I have read and done the examples in cuda by example so I believe I know how to do most of this except the hash function(there is one in the appendix but it seems focused on adding to it while I only really want it as a reference since it'll never change. I might be rough around the edges in cuda for example so maybe there is something I'm missing that is helpful for me in this situation, like using textual or some special form of memory for this). How would I structure this for best results should each block have its own access to the hashmap or should each thread or is one good enough for the entire GPU?
Edit
Sorry just to clarify, I'm only using C. Worst case I'm willing to use another language but ideally I'd like something that I can just natively put on the GPU once and have all future threads read to it since to process my data I'll need to do it in several large batches).
This is some thoughts on potential performance issues of using a hash map on a GPU, to back up my comment about keeping the hash map on the CPU.
NVIDIA GPUs run threads in groups of 32 threads, called warps. To get good performance, each of the threads in a warp must be doing essentially the same thing. That is, they must run the same instructions and they must read from memory locations that are close to each other.
I think a hash map may break with both of these rules, possibly slowing the GPU down so much that there's no use in keeping the hash map on the GPU.
Consider what happens when the 32 threads in a warp run:
First, each thread has to create a hash of the stock name. If these names differ in length, this will involve a different number of rounds in the hashing loop for the different lengths and all the threads in the warp must wait for the hash of the longest name to complete. Depending on the hashing algorithm, there might different paths that the code can take inside the hashing algorithm. Whenever the different threads in a warp need to take different paths, the same code must run multiple times (once for each code path). This is called warp divergence.
When all the threads in warp each have obtained a hash, each thread will then have to read from different locations in slow global memory (designated by the hashes). The GPU runs optimally when each of the 32 threads in the warp read in a tight, coherent pattern. But now, each thread is reading from an essentially random location in memory. This could cause the GPU to have to serialize all the threads, potentially dropping the performance to 1/32 of the potential.
The memory locations that the threads read are hash buckets. Each potentially containing a different number of hashes, again causing the threads in the warp to have to do different things. They may then have to branch out again, each to a random location, to get the actual structures that are mapped.
If you instead keep the stock names and data structures in a hash map on the CPU, you can use the CPU to put together arrays of information that are stored in the exact pattern that the GPU is good at handling. Depending on how busy the CPU is, you may be able to do this while the GPU is processing the previously submitted work.

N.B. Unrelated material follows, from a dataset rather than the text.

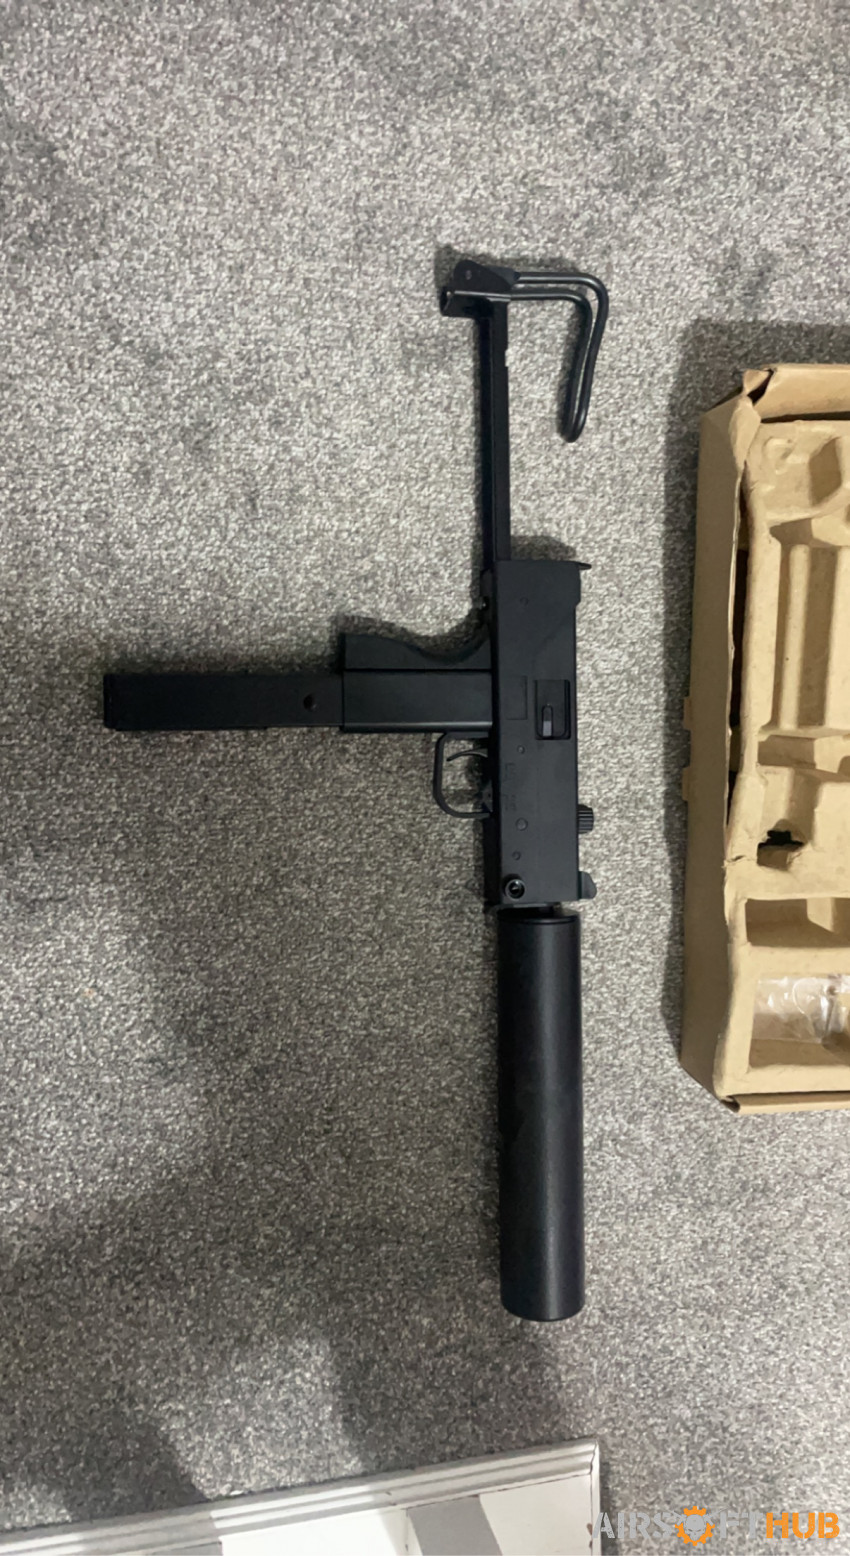 HFC gas assault eagle Mac-10 - Used airsoft equipment
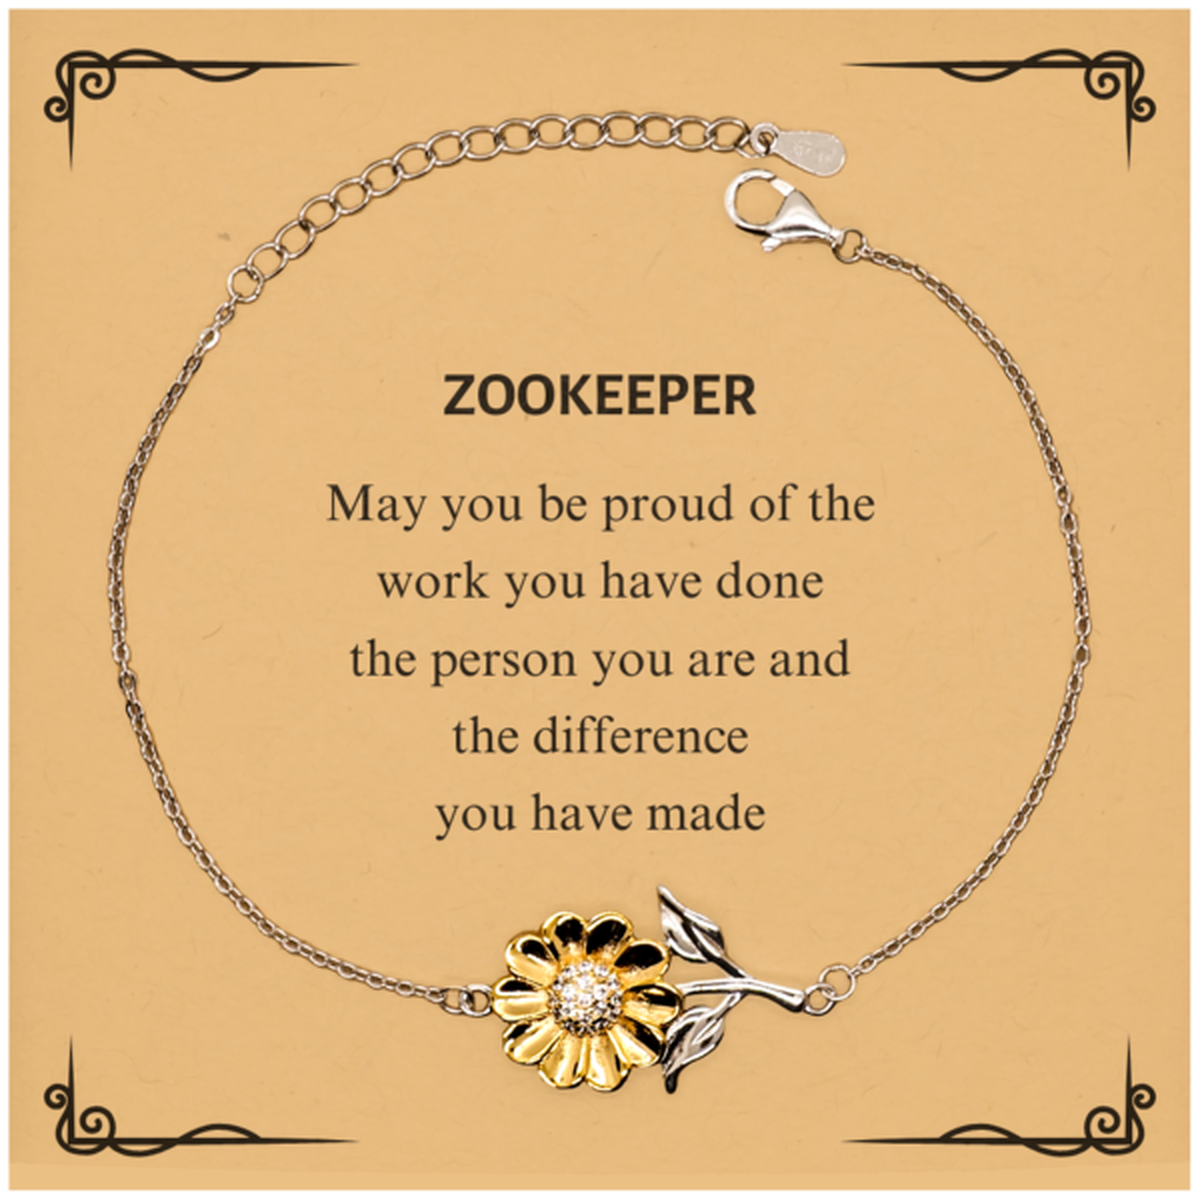 Zookeeper May you be proud of the work you have done, Retirement Zookeeper Sunflower Bracelet for Colleague Appreciation Gifts Amazing for Zookeeper

This also gives you an opportunity to change the array of structures (AoS) that you have on the CPU to a structure of arrays (SoA) for the GPU. If you are not familiar with this concept, essentially, you convert:
my_struct {
int a;
int b;
};
my_struct my_array_of_structs[1000];
to:
struct my_struct {
int a[1000];
int b[1000];
} my_struct_of_arrays;
This puts all the a's adjacent to each other in memory so that when the 32 threads in a warp get to the instruction that reads a, all the values are neatly laid out next to each other, causing the entire warp to be able to load the values very quickly. The same is true for the b's, of course.
There is a hash_map extension for CUDA Thrust, in the cuda-thrust-extensions library. I have not tried it.
Because of your hash map is so large, I think it can be replaced by a database, mysql or other products will all be OK, they probably will be fast than hash map design by yourself. And I agree with Roger's viewpoint, it is not suitable to move it to GPU, it consumes too large device memory (may be not capable to contain it) and it is terribly slow for kernel function access global memory on device.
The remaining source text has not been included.